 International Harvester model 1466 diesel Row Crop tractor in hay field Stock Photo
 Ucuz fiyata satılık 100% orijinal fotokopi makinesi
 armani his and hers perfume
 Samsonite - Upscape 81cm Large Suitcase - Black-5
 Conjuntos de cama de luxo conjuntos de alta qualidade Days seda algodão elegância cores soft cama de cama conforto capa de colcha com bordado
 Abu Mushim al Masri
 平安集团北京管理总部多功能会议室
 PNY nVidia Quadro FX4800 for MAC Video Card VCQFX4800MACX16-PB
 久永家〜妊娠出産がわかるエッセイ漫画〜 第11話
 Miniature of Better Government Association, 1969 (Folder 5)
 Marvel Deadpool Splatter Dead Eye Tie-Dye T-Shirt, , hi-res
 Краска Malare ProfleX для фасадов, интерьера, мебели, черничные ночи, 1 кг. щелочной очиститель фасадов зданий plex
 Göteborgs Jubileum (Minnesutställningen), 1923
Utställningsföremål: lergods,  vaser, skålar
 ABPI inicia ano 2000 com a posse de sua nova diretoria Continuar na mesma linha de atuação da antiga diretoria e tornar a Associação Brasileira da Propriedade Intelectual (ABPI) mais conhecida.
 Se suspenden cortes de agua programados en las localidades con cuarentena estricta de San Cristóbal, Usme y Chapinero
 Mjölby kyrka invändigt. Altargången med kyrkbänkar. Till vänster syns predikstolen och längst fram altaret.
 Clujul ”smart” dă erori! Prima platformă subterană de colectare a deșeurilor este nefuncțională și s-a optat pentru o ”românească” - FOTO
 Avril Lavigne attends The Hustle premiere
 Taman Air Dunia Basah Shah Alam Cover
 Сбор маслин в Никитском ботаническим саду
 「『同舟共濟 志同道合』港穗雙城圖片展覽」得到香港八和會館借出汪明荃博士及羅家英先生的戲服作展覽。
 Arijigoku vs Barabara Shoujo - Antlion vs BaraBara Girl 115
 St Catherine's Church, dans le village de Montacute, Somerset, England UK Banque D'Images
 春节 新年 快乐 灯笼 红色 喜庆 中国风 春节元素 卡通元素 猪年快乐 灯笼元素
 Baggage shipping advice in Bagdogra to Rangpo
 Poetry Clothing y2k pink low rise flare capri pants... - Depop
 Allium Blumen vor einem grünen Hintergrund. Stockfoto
###
> WORK TASK
Keep every word intact and transcribe the records in full.

> RESULT FOR THIS EXERCISE
 International Harvester model 1466 diesel Row Crop tractor in hay field Stock Photo
 Ucuz fiyata satılık 100% orijinal fotokopi makinesi
 armani his and hers perfume
 Samsonite - Upscape 81cm Large Suitcase - Black-5
 Conjuntos de cama de luxo conjuntos de alta qualidade Days seda algodão elegância cores soft cama de cama conforto capa de colcha com bordado
 Abu Mushim al Masri
 平安集团北京管理总部多功能会议室
 PNY nVidia Quadro FX4800 for MAC Video Card VCQFX4800MACX16-PB
 久永家〜妊娠出産がわかるエッセイ漫画〜 第11話
 Miniature of Better Government Association, 1969 (Folder 5)
 Marvel Deadpool Splatter Dead Eye Tie-Dye T-Shirt, , hi-res
 Краска Malare ProfleX для фасадов, интерьера, мебели, черничные ночи, 1 кг. щелочной очиститель фасадов зданий plex
 Göteborgs Jubileum (Minnesutställningen), 1923
Utställningsföremål: lergods,  vaser, skålar
 ABPI inicia ano 2000 com a posse de sua nova diretoria Continuar na mesma linha de atuação da antiga diretoria e tornar a Associação Brasileira da Propriedade Intelectual (ABPI) mais conhecida.
 Se suspenden cortes de agua programados en las localidades con cuarentena estricta de San Cristóbal, Usme y Chapinero
 Mjölby kyrka invändigt. Altargången med kyrkbänkar. Till vänster syns predikstolen och längst fram altaret.
 Clujul ”smart” dă erori! Prima platformă subterană de colectare a deșeurilor este nefuncțională și s-a optat pentru o ”românească” - FOTO
 Avril Lavigne attends The Hustle premiere
 Taman Air Dunia Basah Shah Alam Cover
 Сбор маслин в Никитском ботаническим саду
 「『同舟共濟 志同道合』港穗雙城圖片展覽」得到香港八和會館借出汪明荃博士及羅家英先生的戲服作展覽。
 Arijigoku vs Barabara Shoujo - Antlion vs BaraBara Girl 115
 St Catherine's Church, dans le village de Montacute, Somerset, England UK Banque D'Images
 春节 新年 快乐 灯笼 红色 喜庆 中国风 春节元素 卡通元素 猪年快乐 灯笼元素
 Baggage shipping advice in Bagdogra to Rangpo
 Poetry Clothing y2k pink low rise flare capri pants... - Depop
 Allium Blumen vor einem grünen Hintergrund. Stockfoto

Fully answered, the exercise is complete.